While I was grateful for the change of scenery, it became clear to me that I could run, but I could not hide from this time in-between.  Even Long Beach Island, my favorite place in the world, appeared to be somewhere between the worlds of sleep and wakefulness…like a bear coming out of hibernation. Many businesses had not yet opened for the summer, and the girls and I practically had the beach to ourselves.  However, because the familiar sounds of summer – the lifeguard’s whistle, the song of the ice cream truck, the shrieks of wave-jumping children – were silent, I was able to discern the quieter, more subtle hum of preparation.  A man cleaning his sailboat.  The township workers cleaning up the beaches.

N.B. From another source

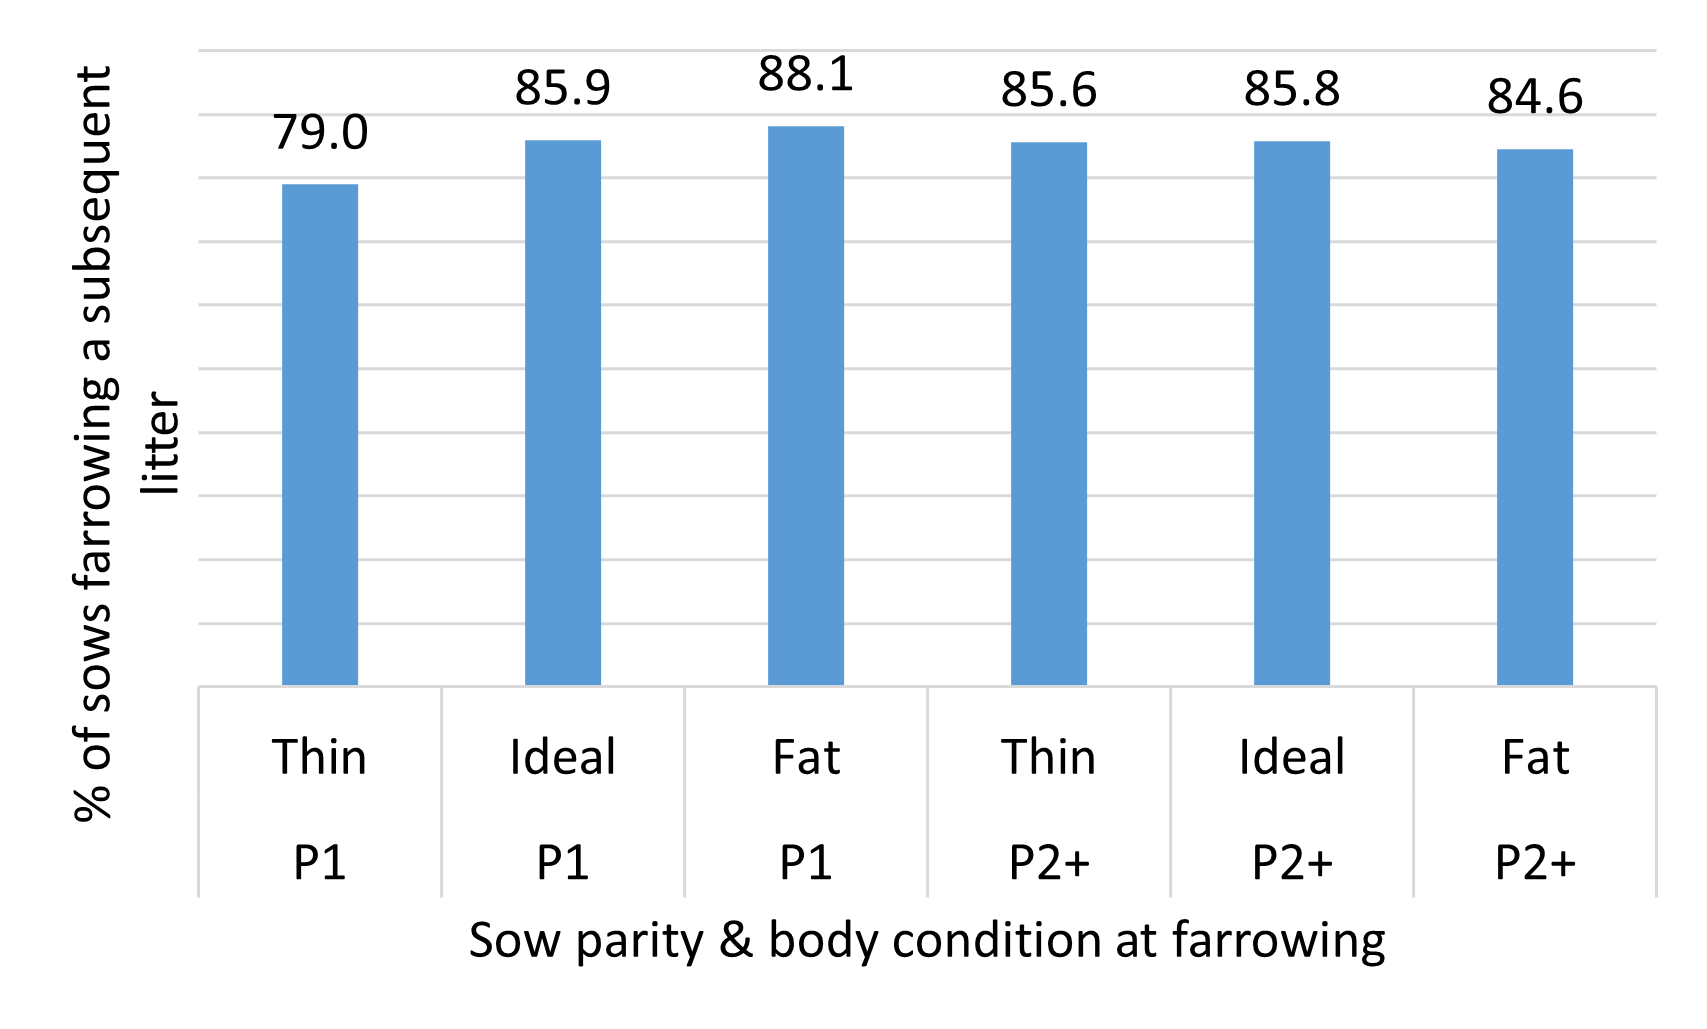 Impact of parity and prefarrow body condition score during periods of heat stress

The hydrangeas just starting to bloom by the fence out back.  I caught a glimpse of the new life that is always percolating underground…even during times of perceived inertia.  So I returned from LBI with an antidote for those Tasered deer moments:

T3- Three Tenets of Transition

  1. Acceptance: Transitions are hard.  They don’t call the worst part of labor and childbirth (you know, the part when you start shaking, puking, and your head spins around like Linda Blair) the Transition Phase for nothing.
  2. Try a Little Tenderness: Hey, I had a colon, and now I don’t.  I ran a marathon 6 months ago, now I sometimes poop my pants getting the mail.  Maybe I should cut myself some slack with the goal setting.
  3. Let Yourself Marinate: Hey, it works for tofu.  Maybe by letting yourself be still enough to soak in your surroundings, you are actually becoming a zestier, more delicious version of yourself.

Now, I am not pretending that one trip to the beach has totally recalibrated my Zen-O-Meter.   The Dali Lama I am not.  However, I am noticing that –even in times of transition – there are a lot of little arrivals along the way.